Milosevic era was characterised by arbitrary rule, oft based on discretionary prerogatives of the top power-holders and their friends, in other words, of the newly-emerged financial and political oligarchy. Bloody disintegration of the FRY, war and sanctions, collapse of the old system based on totalitarian oligarchy, sudden pauperisation of the society, disappearance of middle-class, popular fear caused by across-the-board repression, created a milieu propitious for the new accumulation of capital.

Members of the top establishment and their associates used imposition of the trade embargo on 31 May 1992 as a pretext to end the law-abiding practice. They stated that "laws can become an obstacle in salvation of the people" and that "the state and people must be saved at any cost." This was tantamount to a call to destroy an already precarious legal system, and heralded an intense process of destruction of the existing set of moral and ethical values in Serbia.

Under the newly-emerged circumstances, people from the underworld in an eyeblink became respected members of the society.
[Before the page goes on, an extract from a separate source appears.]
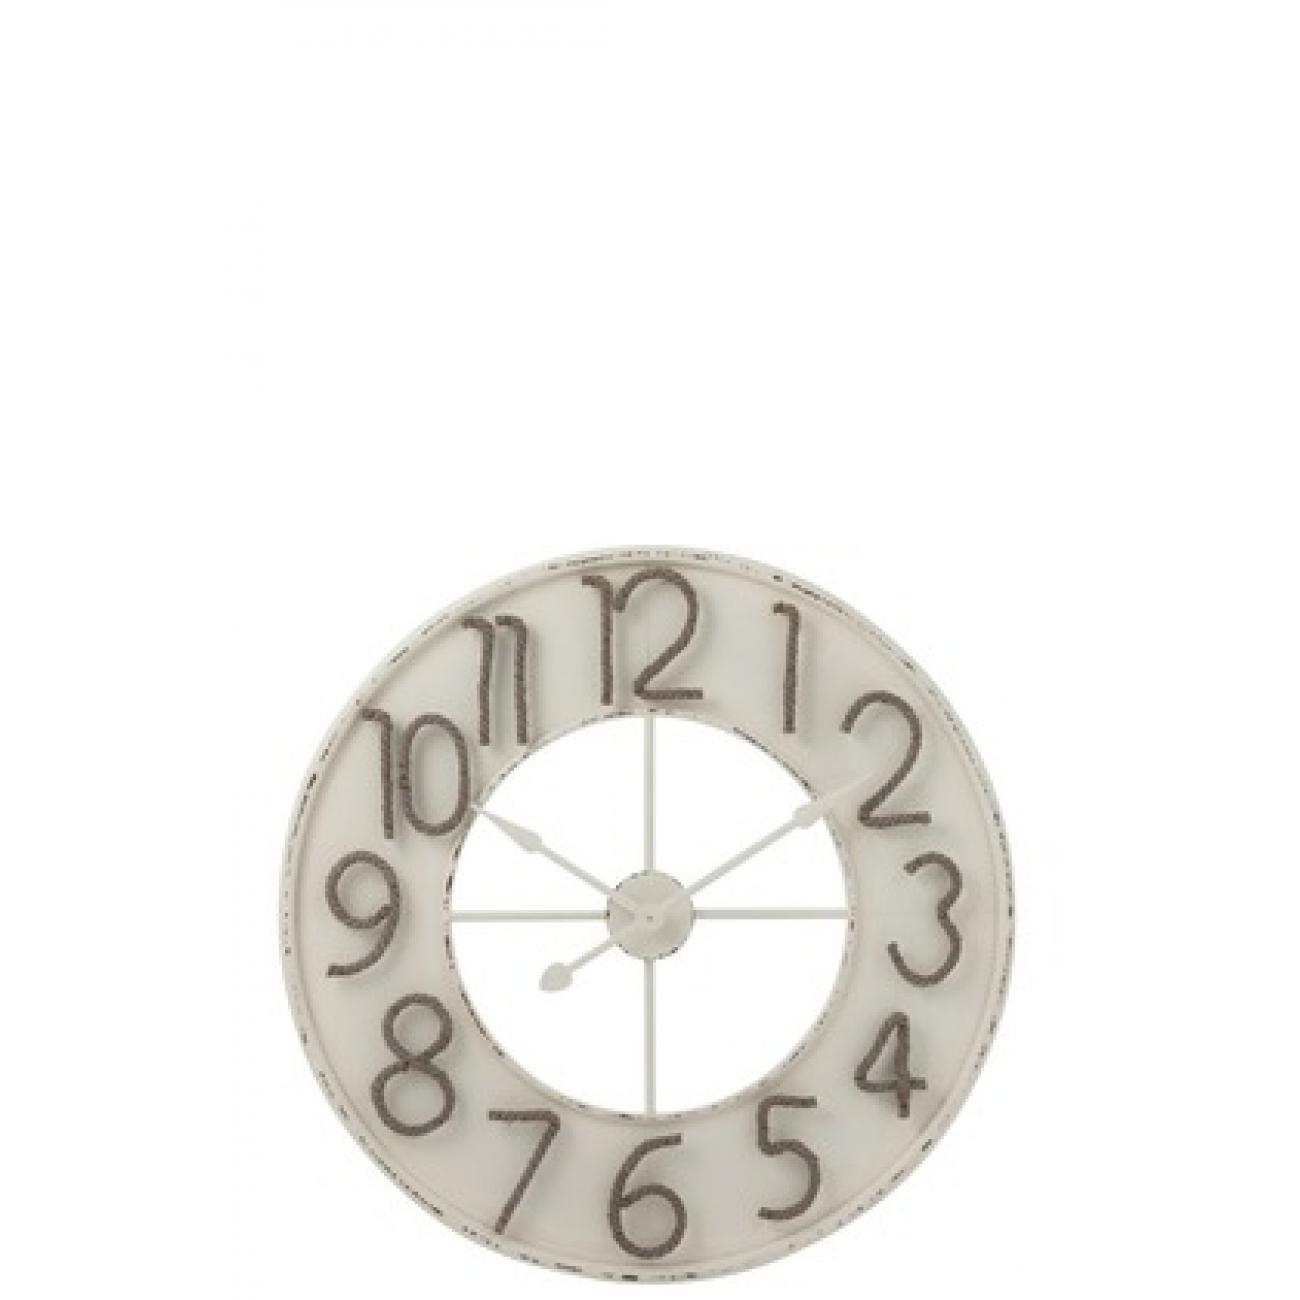 Настенные часы J-LINE белые круглые в металлическом корпусе с цифрами из тонкого каната диаметр 91 см

They came to represent a model of 'decent' citizens, on whom the new set of values and a social and cultural matrix of the society were modelled. Ordinary smugglers became "businessmen" and sponsors. They took part in important affairs of the state and were often vested in official titles. They became reliable organisers and executors of any business they were entrusted with by the top leadership.

Teams for "sanctions-busting" were set up. They were composed of high political officials, customs officials, criminals. Together all those shady personalities designed and realised purchases and imports of vital raw materials, semi-fabricates and produce. They simultaneously laundered money and sold goods in short supply (cigarettes, alcohol, coffee, etc.) Thus outlines of a new social-economic system emerged. That system was propelled by strong interests of political groups and protected by the very anti-crime structures. New business empires were born. All the national wealth was sucked into those empires. In turn poverty of broad population strata was generated.

In that global framework new relations within the very business and political establishment were created. The top leadership generously rewarded its associates, thus creating a system of dependence. At the same time anti-corruption bodies failed to launch investigations into financial affairs of both the top leadership and criminals. Massive criminalisation of population creates dependence and facilitates manipulation. This in turn kills off motivation for the reform of society and any idea about changes.

New strata were created on a lower level. Local monopolies were created through the right to management of urban building land and business spaces, granting of building licenses, legalisation of otherwise unauthorised building ventures, distribution of street stalls operating licences. Those close to the regime and the opposition parties amassed their wealth by running various private companies and engaging in real estate transactions. Diaspora donations ended in coffers of opposition parties, though their reports failed to indicate such misappropriations. Corruption is not a new phenomenon in Serbia, but in the past decade it grew beyond expectations and out of all proportion. In fact it became a system of rule.

Popular belief had it that the top circles of the ruling Socialist Party of Serbia forgot "their " people and promises, or that the party was a good 'provider' of its membership. Hence the loyalty of the SPS members, and even of its defectors. But this "good care of the party loyalists" has not been a haphazard result of circumstances, but rather a program orientation. In the years of big promises Slobodan Milosevic wrote a book called "The watershed years" in which he spoke about "a socialism with a human face." Milosevic thus depicted a modern Serbia: "$ 10,000 income per capita which consequently generates modern plants, scientific and cultural institutions, schools, streets, hotels, shop-windows, clothes, work habits, leisure, expectations... But it is our future, whereas we must find solutions for the present time. Both the state and citizens should carry out this counter-revolutionary task through institutions. But facts, reality, the very life have demonstrated that institutions function slowly, in a contradictory fashion, and sometimes do not function at all."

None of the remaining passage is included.